Besides the impact of the pandemic on the domestic economic activity in Kazakhstan, the country was also highly affected by the global economy’s halt in 2020, since the price of oil – the country’s main export commodity – dropped. In 2020, GDP contracted by 2.8% from January to September, while in the same period in 2019 GDP increased by 4.1%. In case of an improved global economic outlook with higher demand for exports and growth of domestic economic activities, the economy of Kazakhstan is expected to grow by 2.5% in 2021.


As of April 2021, there is no moratorium for borrowers in Kenya.

As the rate of positive tests grew from 2% to 22% in Q1 2021, Kenya imposed a new lockdown to fight the spread of the COVID-19 infections. The country’s capital Nairobi accounts for 60% of all cases. The new lockdown introduces restrictions to social gatherings, limits to businesses, a ban on on-site studies, and similar measures. The IMF has approved a three-year, $2.34 billion financing arrangement, to help the weak economy fight the impacts of the pandemic, while already being debt vulnerable.

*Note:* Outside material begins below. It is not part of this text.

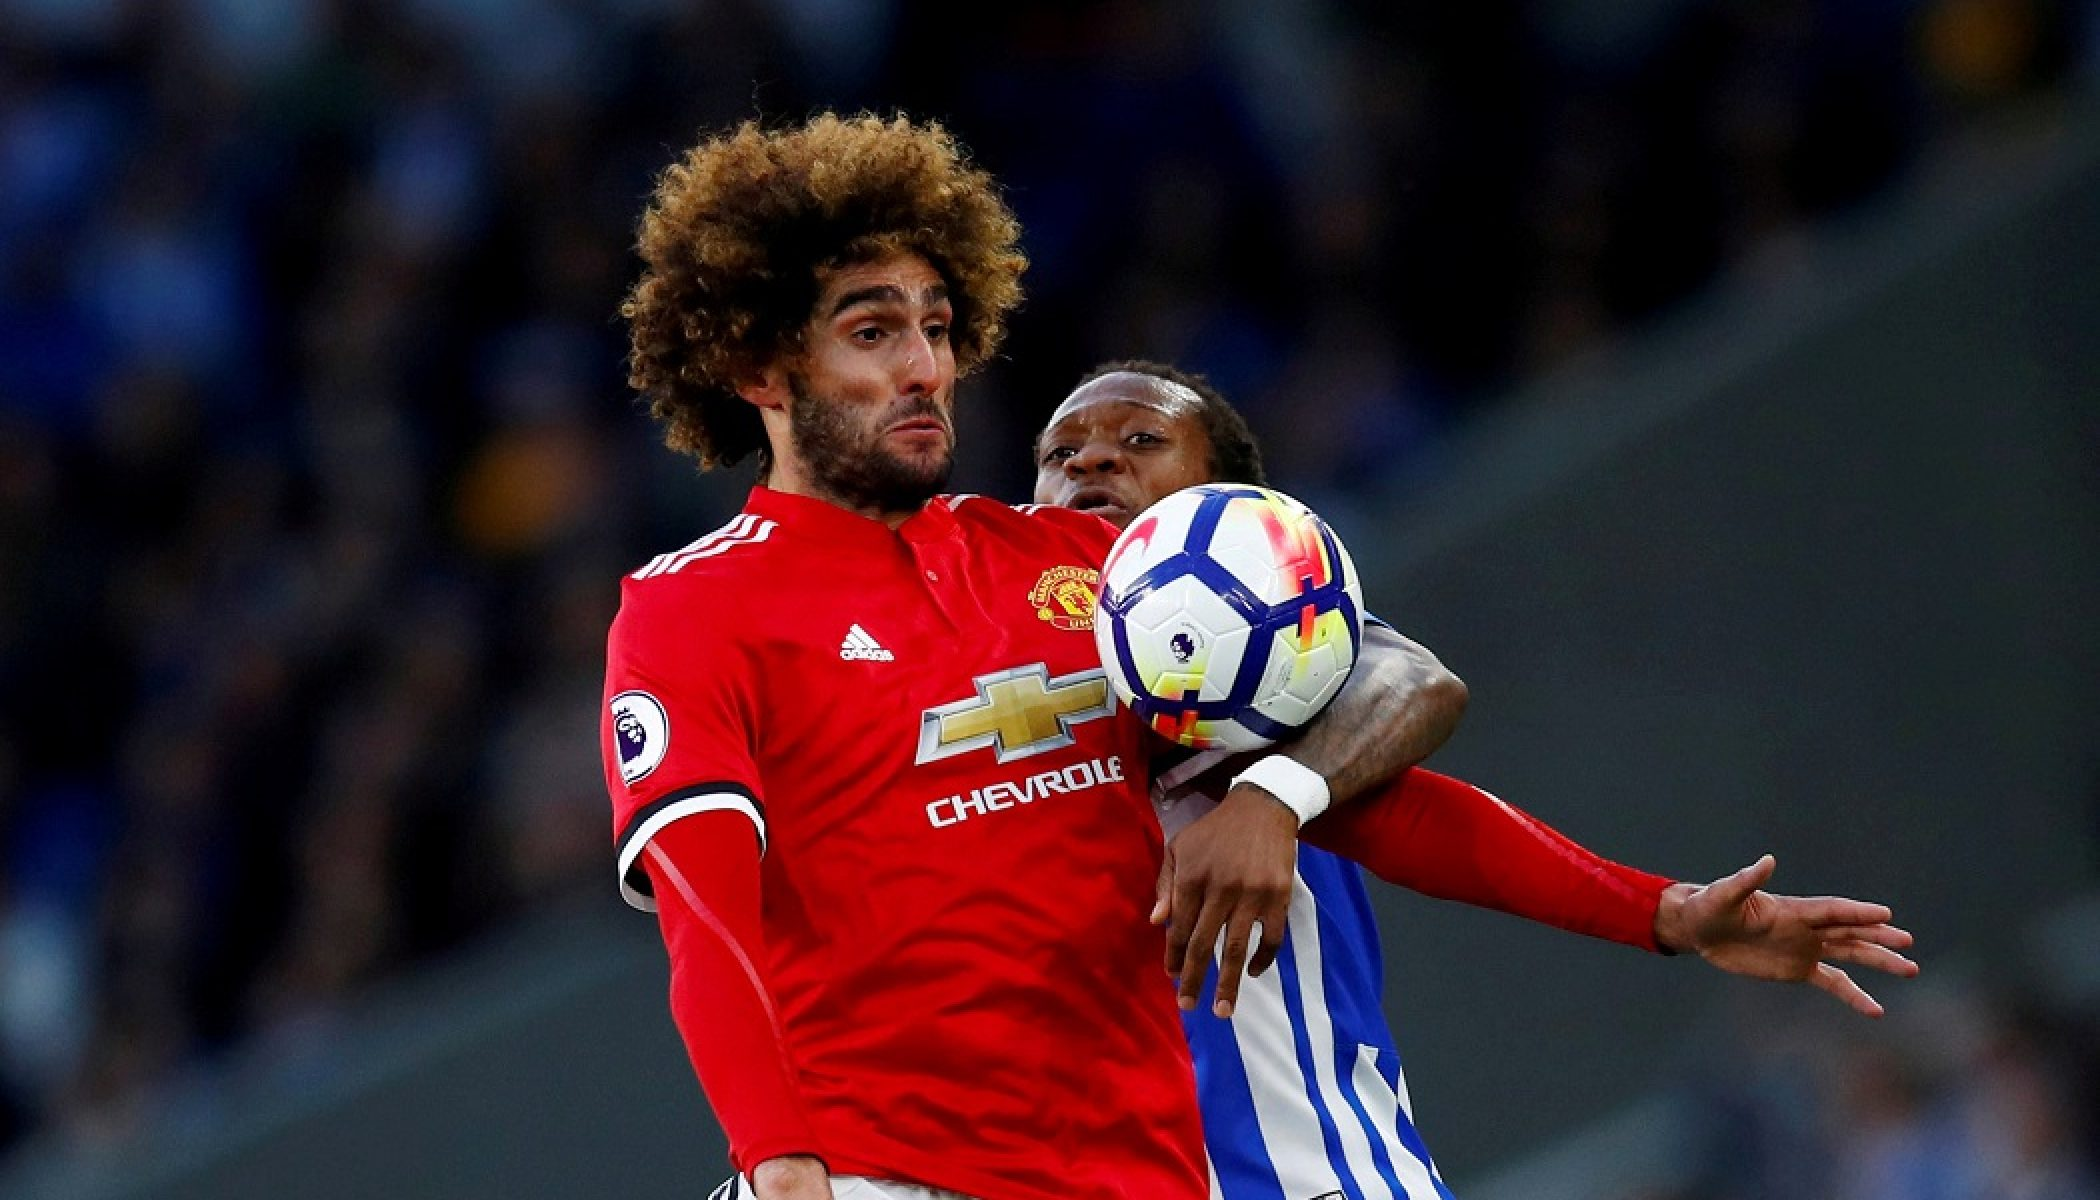 Manchester United Unveil Kohler As Sleeves Partner

As of April 2021, there is no imposed moratorium for borrowers in Kosovo, but the country’s central bank allows extensions for individual cases, starting from September 2020 and until September 2021.

A countrywide curfew is imposed from 22:00 until 05:00. School classes are held online until 18 April, gyms and sports facilities are closed, food services are open for takeaway and delivery. All gatherings of more than 10 people are prohibited in Kosovo.

The economy has contracted by 7.2% in 2020, while estimated growth in 2021 is projected at 4.5%.


As of April 2021, there is no moratorium for borrowers in Latvia.

The Latvian government has introduced several support measures for businesses and individuals related to taxes, income compensations, rent exemptions and support for entrepreneurs, allowance for individuals, one-off benefits for pensioners and families with children. The state of emergency lasted for three months. Now, non-essential businesses are slowly opening, restaurants can serve takeaway orders, while remote work is strongly encouraged by the state, and traveling is not recommended. Except for professionals, indoor sports activities are prohibited.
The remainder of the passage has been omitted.